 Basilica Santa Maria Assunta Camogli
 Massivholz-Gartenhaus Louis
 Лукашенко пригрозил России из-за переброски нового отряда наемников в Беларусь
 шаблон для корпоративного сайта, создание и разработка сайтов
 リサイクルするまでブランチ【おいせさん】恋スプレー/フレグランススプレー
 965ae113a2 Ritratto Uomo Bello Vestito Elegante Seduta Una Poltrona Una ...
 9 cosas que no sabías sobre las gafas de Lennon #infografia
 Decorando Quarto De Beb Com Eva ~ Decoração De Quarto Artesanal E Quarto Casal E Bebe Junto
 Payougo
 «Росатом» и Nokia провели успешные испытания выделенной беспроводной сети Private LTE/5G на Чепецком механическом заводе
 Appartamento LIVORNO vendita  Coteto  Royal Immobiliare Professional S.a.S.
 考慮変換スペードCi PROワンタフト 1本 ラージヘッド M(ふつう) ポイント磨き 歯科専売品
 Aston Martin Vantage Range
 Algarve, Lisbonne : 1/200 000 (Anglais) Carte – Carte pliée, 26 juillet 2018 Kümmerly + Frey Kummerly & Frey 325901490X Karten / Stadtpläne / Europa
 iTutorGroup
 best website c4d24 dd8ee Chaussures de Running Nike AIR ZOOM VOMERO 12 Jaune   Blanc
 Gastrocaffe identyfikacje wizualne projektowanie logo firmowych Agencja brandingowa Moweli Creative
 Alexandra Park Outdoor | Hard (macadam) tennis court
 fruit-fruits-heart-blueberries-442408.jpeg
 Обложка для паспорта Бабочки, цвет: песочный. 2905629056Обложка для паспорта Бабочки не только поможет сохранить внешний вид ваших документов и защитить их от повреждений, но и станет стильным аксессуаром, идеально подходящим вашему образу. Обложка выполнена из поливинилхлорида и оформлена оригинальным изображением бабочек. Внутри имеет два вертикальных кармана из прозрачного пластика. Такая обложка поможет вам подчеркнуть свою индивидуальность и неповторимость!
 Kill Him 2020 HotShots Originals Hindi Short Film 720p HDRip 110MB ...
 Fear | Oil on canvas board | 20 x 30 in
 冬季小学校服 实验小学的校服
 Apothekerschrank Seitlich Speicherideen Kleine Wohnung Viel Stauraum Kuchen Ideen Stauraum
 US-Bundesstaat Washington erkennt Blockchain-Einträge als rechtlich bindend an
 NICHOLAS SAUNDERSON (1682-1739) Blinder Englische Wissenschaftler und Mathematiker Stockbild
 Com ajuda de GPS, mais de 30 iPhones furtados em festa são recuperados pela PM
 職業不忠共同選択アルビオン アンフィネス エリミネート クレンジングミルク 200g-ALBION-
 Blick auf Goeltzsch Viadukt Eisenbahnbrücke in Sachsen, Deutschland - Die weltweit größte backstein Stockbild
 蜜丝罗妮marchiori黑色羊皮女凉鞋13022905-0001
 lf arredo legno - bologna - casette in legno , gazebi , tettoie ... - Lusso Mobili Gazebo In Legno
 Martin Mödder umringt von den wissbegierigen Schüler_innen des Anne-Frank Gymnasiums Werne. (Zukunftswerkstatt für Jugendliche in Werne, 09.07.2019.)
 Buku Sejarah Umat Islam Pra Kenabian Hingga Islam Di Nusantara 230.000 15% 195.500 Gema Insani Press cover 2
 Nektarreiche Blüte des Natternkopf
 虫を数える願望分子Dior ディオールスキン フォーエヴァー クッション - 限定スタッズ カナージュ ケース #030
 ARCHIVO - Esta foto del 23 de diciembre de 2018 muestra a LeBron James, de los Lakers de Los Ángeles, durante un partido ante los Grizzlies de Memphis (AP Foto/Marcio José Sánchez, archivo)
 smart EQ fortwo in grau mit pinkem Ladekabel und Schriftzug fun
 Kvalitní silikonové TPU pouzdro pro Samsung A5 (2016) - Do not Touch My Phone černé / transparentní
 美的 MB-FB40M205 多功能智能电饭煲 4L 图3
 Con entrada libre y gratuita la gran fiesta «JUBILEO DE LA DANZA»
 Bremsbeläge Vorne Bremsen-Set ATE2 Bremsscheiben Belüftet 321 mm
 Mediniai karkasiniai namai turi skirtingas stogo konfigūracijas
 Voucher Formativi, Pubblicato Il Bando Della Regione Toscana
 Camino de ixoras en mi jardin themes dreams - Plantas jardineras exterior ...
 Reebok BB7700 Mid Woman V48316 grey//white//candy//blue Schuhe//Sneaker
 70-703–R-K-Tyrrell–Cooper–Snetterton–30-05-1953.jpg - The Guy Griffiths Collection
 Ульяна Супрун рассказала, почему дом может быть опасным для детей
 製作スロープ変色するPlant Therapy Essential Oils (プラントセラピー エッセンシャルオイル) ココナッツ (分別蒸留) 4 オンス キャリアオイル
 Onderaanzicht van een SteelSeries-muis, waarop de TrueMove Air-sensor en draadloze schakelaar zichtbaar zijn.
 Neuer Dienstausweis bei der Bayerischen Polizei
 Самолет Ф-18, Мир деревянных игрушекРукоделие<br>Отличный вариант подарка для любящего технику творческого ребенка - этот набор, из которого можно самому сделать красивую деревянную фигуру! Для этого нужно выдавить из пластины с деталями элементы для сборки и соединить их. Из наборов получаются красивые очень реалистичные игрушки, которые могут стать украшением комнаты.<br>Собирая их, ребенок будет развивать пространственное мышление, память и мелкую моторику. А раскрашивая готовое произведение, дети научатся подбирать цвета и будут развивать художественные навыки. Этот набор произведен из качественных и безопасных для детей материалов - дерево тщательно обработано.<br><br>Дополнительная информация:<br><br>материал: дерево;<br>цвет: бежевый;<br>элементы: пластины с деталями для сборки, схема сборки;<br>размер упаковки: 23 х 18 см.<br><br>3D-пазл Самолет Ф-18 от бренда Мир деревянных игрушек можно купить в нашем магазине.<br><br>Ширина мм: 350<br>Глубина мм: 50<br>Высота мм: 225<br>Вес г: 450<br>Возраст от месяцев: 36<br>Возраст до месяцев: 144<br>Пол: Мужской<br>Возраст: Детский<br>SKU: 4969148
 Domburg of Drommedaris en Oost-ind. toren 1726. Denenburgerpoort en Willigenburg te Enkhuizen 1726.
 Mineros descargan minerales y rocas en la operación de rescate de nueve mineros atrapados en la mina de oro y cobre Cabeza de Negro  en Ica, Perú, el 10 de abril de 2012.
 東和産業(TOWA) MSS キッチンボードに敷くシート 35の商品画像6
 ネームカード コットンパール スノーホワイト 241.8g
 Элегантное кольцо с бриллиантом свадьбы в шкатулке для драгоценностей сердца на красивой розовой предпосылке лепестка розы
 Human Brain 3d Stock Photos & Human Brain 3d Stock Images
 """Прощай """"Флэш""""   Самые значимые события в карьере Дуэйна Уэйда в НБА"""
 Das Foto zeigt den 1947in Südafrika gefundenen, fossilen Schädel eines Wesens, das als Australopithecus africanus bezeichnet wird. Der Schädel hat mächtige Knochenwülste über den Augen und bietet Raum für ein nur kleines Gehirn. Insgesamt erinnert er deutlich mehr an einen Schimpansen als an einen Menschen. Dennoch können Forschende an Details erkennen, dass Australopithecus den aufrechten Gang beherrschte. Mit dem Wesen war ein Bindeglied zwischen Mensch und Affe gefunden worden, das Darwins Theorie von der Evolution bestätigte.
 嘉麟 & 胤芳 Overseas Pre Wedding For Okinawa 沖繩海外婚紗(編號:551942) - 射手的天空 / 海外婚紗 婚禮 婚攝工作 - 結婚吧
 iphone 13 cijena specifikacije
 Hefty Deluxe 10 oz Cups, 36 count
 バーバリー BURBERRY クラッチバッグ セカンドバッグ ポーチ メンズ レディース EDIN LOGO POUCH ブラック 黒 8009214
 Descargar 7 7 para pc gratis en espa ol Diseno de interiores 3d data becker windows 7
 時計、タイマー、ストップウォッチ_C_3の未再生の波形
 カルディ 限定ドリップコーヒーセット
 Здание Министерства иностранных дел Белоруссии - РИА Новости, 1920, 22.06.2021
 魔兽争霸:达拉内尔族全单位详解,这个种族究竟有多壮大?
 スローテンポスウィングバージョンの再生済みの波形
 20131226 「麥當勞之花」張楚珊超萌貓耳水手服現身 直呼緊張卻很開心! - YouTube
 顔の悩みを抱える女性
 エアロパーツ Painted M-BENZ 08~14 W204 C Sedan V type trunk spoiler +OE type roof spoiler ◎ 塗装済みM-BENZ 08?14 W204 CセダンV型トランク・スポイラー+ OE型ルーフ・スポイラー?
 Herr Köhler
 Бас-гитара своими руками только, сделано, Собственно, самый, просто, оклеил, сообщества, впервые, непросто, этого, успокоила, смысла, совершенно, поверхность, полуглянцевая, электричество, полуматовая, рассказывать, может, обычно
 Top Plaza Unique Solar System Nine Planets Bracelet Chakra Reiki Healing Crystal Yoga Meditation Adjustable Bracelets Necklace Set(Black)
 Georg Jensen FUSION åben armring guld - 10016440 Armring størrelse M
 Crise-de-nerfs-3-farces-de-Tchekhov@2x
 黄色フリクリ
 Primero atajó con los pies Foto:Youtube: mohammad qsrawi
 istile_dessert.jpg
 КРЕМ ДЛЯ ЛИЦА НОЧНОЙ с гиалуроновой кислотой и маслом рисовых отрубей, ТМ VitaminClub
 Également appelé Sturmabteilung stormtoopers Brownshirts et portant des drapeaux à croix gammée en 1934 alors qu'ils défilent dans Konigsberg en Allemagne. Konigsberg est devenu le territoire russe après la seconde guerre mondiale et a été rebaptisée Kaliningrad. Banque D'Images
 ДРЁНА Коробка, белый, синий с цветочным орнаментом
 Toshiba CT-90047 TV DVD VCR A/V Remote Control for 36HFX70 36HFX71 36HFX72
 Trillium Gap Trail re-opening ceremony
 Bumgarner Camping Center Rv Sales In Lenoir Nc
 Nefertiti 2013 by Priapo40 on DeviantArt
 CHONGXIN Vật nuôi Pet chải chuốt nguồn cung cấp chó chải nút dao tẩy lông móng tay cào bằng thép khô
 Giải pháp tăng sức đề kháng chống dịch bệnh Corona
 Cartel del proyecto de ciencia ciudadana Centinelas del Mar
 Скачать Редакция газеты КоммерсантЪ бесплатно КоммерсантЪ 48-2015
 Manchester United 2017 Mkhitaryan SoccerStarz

> [EXERCISE] Reproduce the entries above exactly, but only the lines between the line holding "Fear | Oil on canvas board | 20 x 30 in" and the line holding "NICHOLAS SAUNDERSON (1682-1739)", inclusive.

> [EXERCISE RESULT]
 Fear | Oil on canvas board | 20 x 30 in
 冬季小学校服 实验小学的校服
 Apothekerschrank Seitlich Speicherideen Kleine Wohnung Viel Stauraum Kuchen Ideen Stauraum
 US-Bundesstaat Washington erkennt Blockchain-Einträge als rechtlich bindend an
 NICHOLAS SAUNDERSON (1682-1739) Blinder Englische Wissenschaftler und Mathematiker Stockbild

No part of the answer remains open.